[08/19] support/check-uniq-files: decode as many strings as possible

Message ID fcf8eccf9d275bd95c7e61099722c1a3b22a6da9.1546898693.git.yann.morin.1998@free.fr
State Changes Requested
Headers show
  • [01/19] infra/pkg-generic: display MESSAGE before running PRE_HOOKS
Related show

Commit Message

Yann E. MORIN Jan. 7, 2019, 10:05 p.m.
Currently, when there is at least one string we can't decode when
reporting the file and the packages that touched it, we fallback to not
decoding any string at all, which generates a report like:

    Warning: target file "b'/some/file'" is touched by more than one package: [b'toolchain', b'busybox']

This is not very nice, though, so we introduce a decoder that returns
the decoded string if possible, and falls back to returning the repr() of
the un-decoded string.

Also, using a set as argument to format() further yields a not-so-nice
output either (even if the decoding was OK):
    [u'toolchain', u'busybox']

So, we just join together all the elements of the set into a string,
which is what we pass to format().

Now the output is much nicer to look at:

    Warning: file "/some/file" is touched by more than one package: busybox, toolchain

and even in the case of an un-decodable string (with a manually tweaked
list, \xbd being œ in iso8859-15, and not a valid UTF-8 encoding):

    Warning: file "/some/file" is touched by more than one package: 'busyb\xbdx', toolchain

Signed-off-by: "Yann E. MORIN" <yann.morin.1998@free.fr>
Cc: Thomas Petazzoni <thomas.petazzoni@bootlin.com>
 support/scripts/check-uniq-files | 23 +++++++++++++----------
 1 file changed, 13 insertions(+), 10 deletions(-)

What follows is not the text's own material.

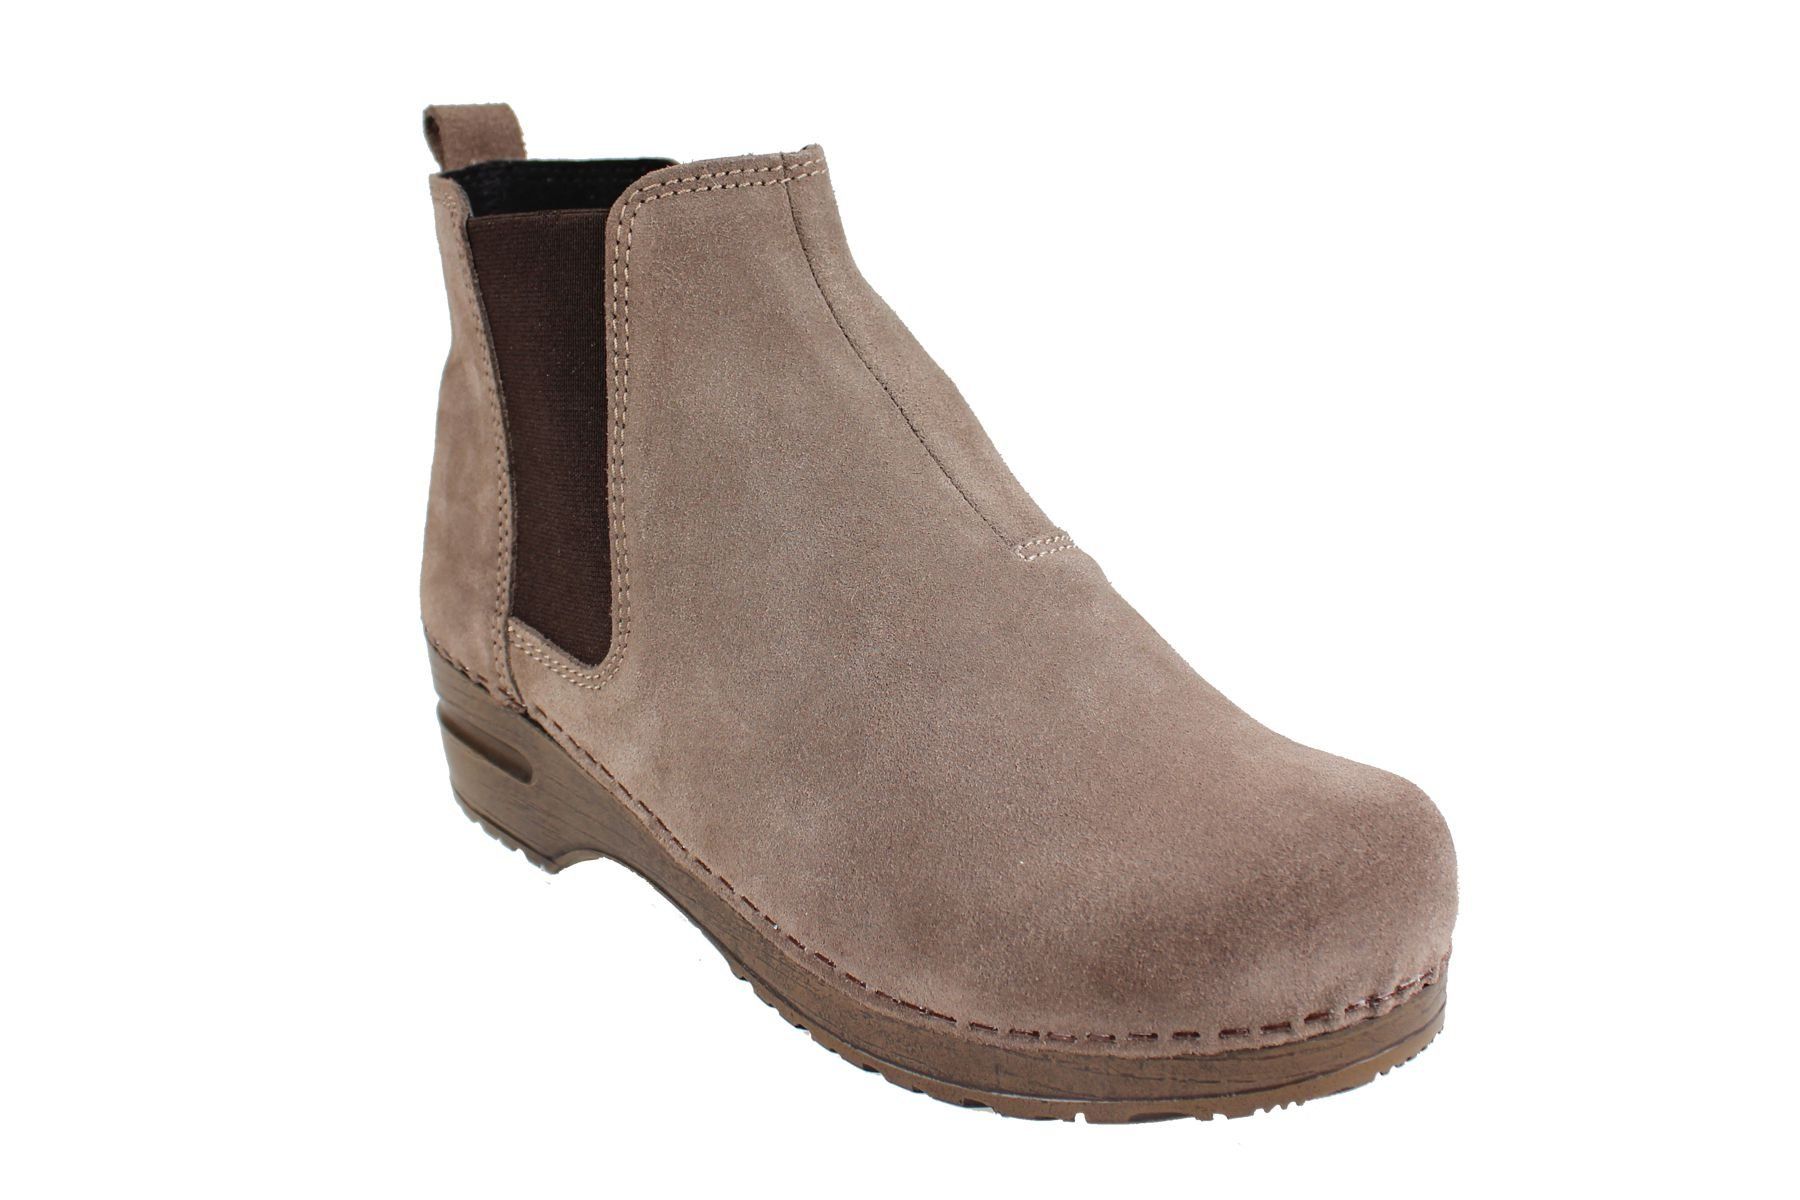 Sanita Vaika Soft Sole Boot in Suede Leather in Taupe

diff --git a/support/scripts/check-uniq-files b/support/scripts/check-uniq-files
index eb92724e42..e95a134168 100755
--- a/support/scripts/check-uniq-files
+++ b/support/scripts/check-uniq-files
@@ -7,6 +7,16 @@  from collections import defaultdict
 warn = 'Warning: {0} file "{1}" is touched by more than one package: {2}\n'
+# If possible, try to decode the binary string s with the user's locale.
+# If s contains characters that can't be decoded with that locale, return
+# the representation (in the user's locale) of the un-decoded string.
+def str_decode(s):
+    try:
+        return s.decode()
+    except UnicodeDecodeError:
+        return repr(s)
 def main():
     parser = argparse.ArgumentParser()
     parser.add_argument('packages_file_list', nargs='*',
@@ -32,16 +42,9 @@  def main():
     for file in file_to_pkg:
         if len(file_to_pkg[file]) > 1:
-            # If possible, try to decode the binary strings with
-            # the default user's locale
-            try:
-                sys.stderr.write(warn.format(args.type, file.decode(),
-                                             [p.decode() for p in file_to_pkg[file]]))
-            except UnicodeDecodeError:
-                # ... but fallback to just dumping them raw if they
-                # contain non-representable chars
-                sys.stderr.write(warn.format(args.type, file,
-                                             file_to_pkg[file]))
+            sys.stderr.write(warn.format(args.type, str_decode(file),
+                                         ", ".join([str_decode(p)
+                                                    for p in file_to_pkg[file]])))
 if __name__ == "__main__":